ConHome: “So do you regard her as a future leader?”
Boles: “Oh I bloody well hope so. When is another question, and which cycle. She’s very young. Is it this time, or after one’s had a period in opposition and some kind of a Labour government? Who knows? But no, I think she’d be terrific. And it’d be so much fun to watch.
“And that’s what you felt with Roosevelt, that it was clearly fun to watch. And there were dust-ups. And another thing about her I like is that, it’s not that she crosses the road to bop someone on the nose, but she’s certainly not afraid of bopping them on the nose if they look like they’re asking for it.

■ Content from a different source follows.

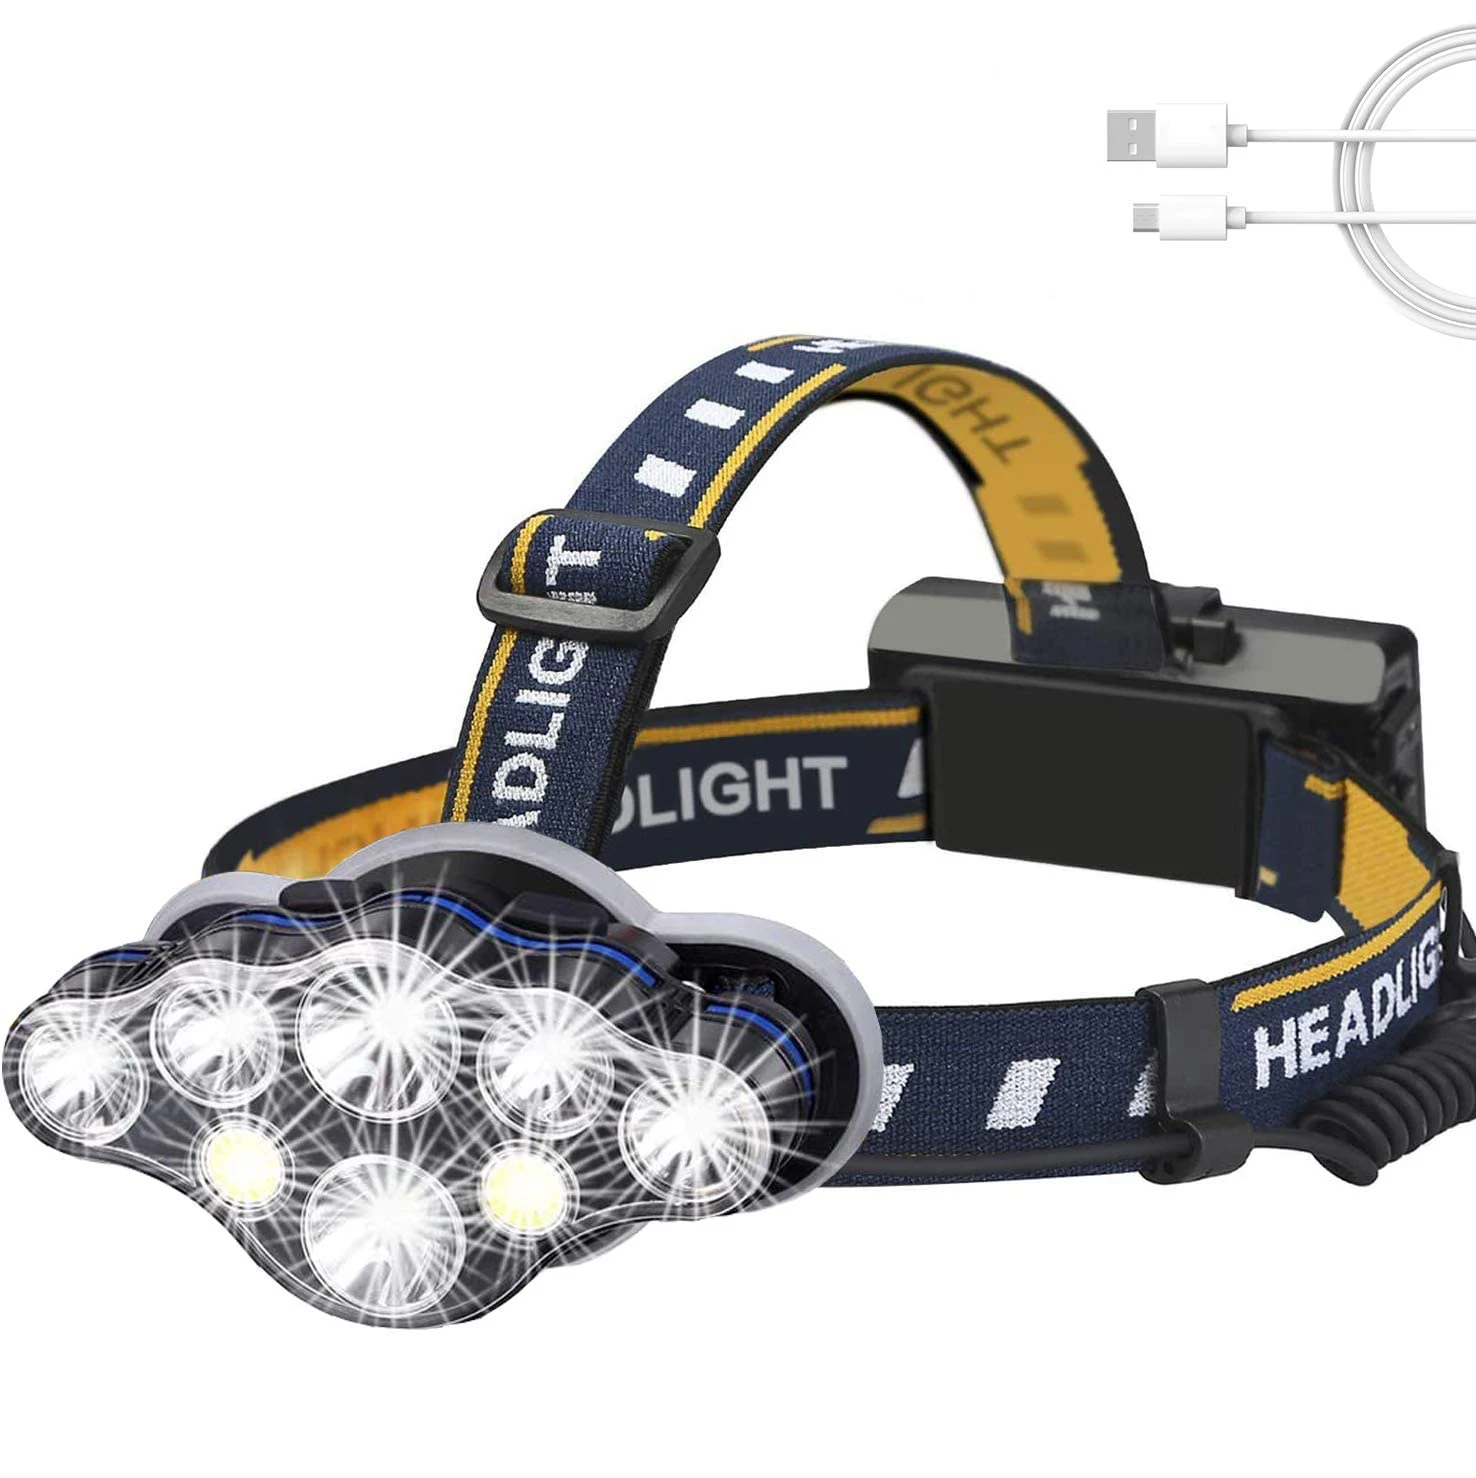 LED Headlamp Flashligh CREE 6 LED Lamp 8 Modes Waterproof USB Rechargeable Headlight for Reading Outdoor Running Camping Fishing Walking

“And I quite like that approach to leadership, you know, not the conciliate everyone approach, but be clear about when you disagree with people. I nominate Ruth as the Teddy Roosevelt heir in the UK context.
“But ideas come first, and it’s not enough to have individual policy ideas, however admirable. There’s got to be an overarching story.”
ConHome: “So Square Deal is part of this, and Onward is part of it too?”
Boles: “Definitely.”
ConHome: “You’re part of it?”
Boles: “Not part of it, but very friendly, and I’m a huge fan of Neil O’Brien’s, and I think my only hesitation is I don’t yet know his/their overarching story.”